Just how the slaying was carried out--and who did it--baffled police for several years; there was no murder weapon and no forensic evidence linking Neulander to the crime. Police arrested him and charged him with murder in 1998, but the case broke wide open last year when the alleged hit man came forward to confess.

Len Jenoff, a recovering alcoholic who said he “loved” the rabbi, told Philadelphia Inquirer reporter Nancy Phillips that Neulander had offered him $30,000 and a job with the Israeli secret service in exchange for killing his wife. Jenoff had worked on the case as a private investigator for Neulander.
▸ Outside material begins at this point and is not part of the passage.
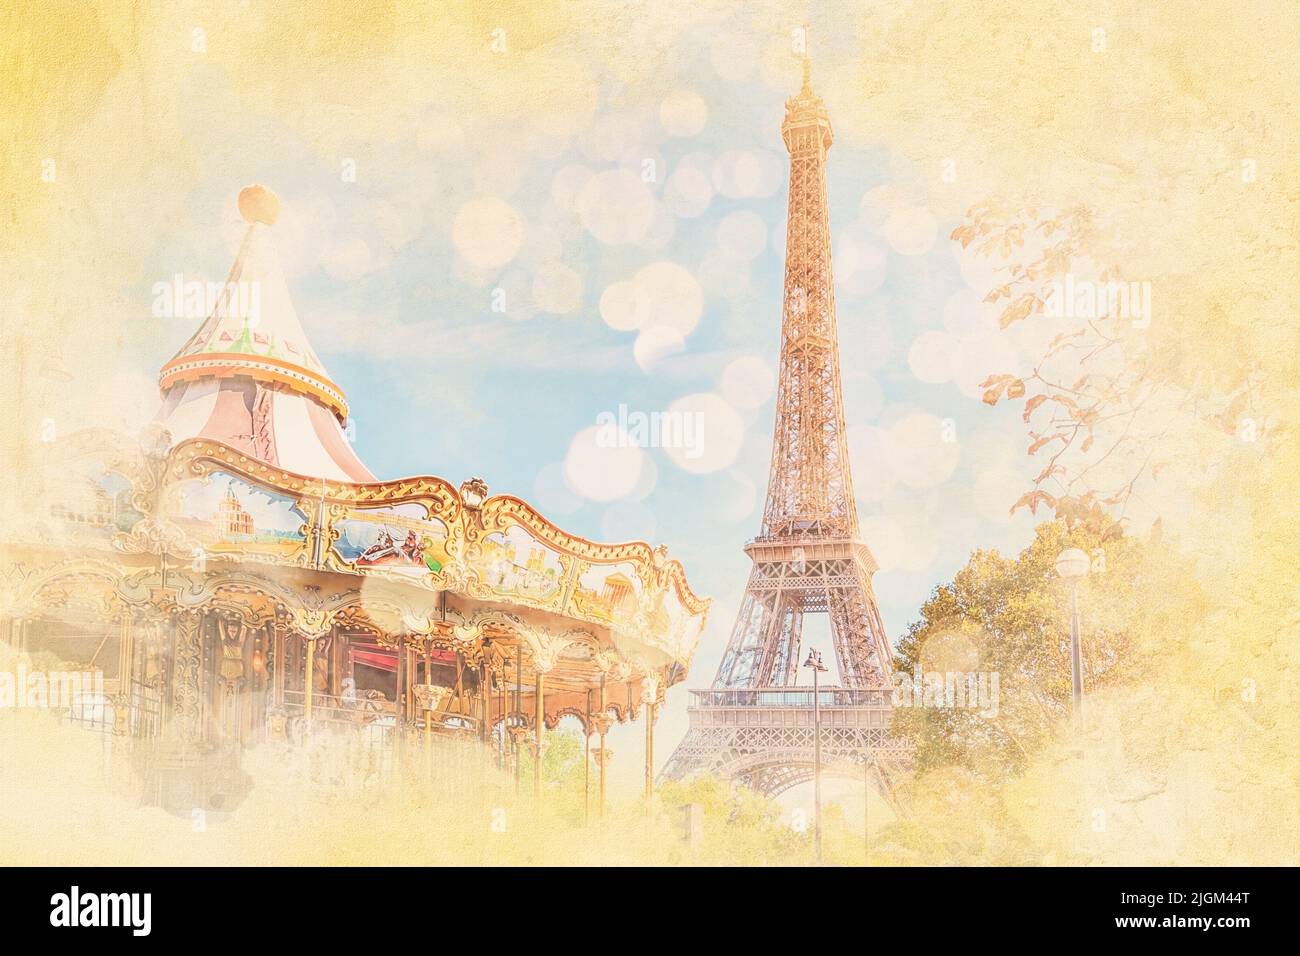 Carrousel et Tour Eiffel à Paris - Illustration effet aquarelle Banque D'Images

He said he felt compelled to confess because, as the rabbi’s trial approached last year, he feared Neulander would not be convicted.
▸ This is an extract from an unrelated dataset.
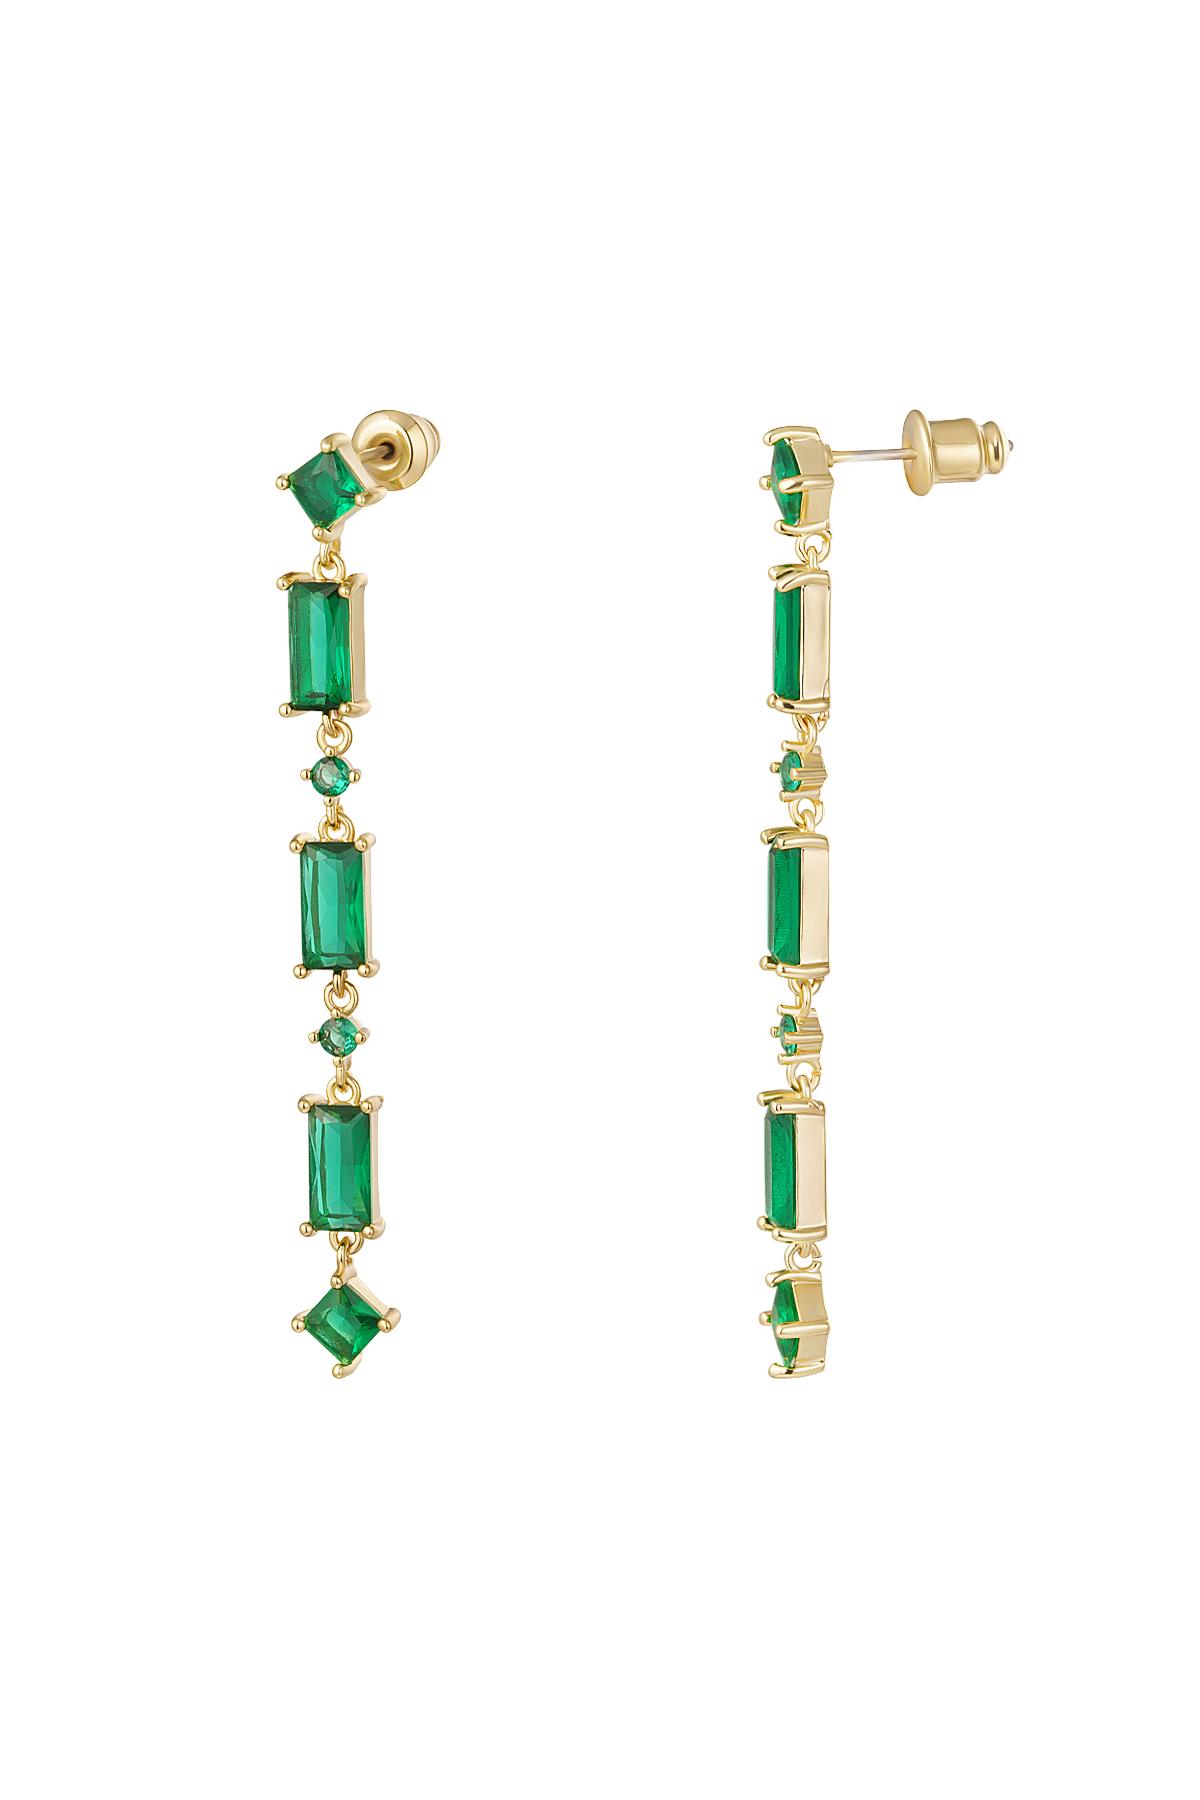 Ohrringe mit farbigen Steinen - Kollektion Sparkle Grün Kupfer h5

In a confession at a New Jersey roadside diner, Jenoff told police he and an accomplice, Paul Daniels, had gone to the rabbi’s home when his wife was alone and had brutally beaten her to death. Jenoff said he stole Carol Neulander’s purse to make it appear as though she was killed during a robbery. Both men have pleaded guilty and will be sentenced after their testimony is finished.

Neulander’s lawyers served notice Monday that they will make Jenoff’s lack of credibility the centerpiece of their strategy. The hit man, they said, has admitted living a fantasy life in which he claimed to be a member of the CIA. Jenoff is a “proven liar,” defense attorney Dennis Wixted said, and “no jury could possibly believe him.”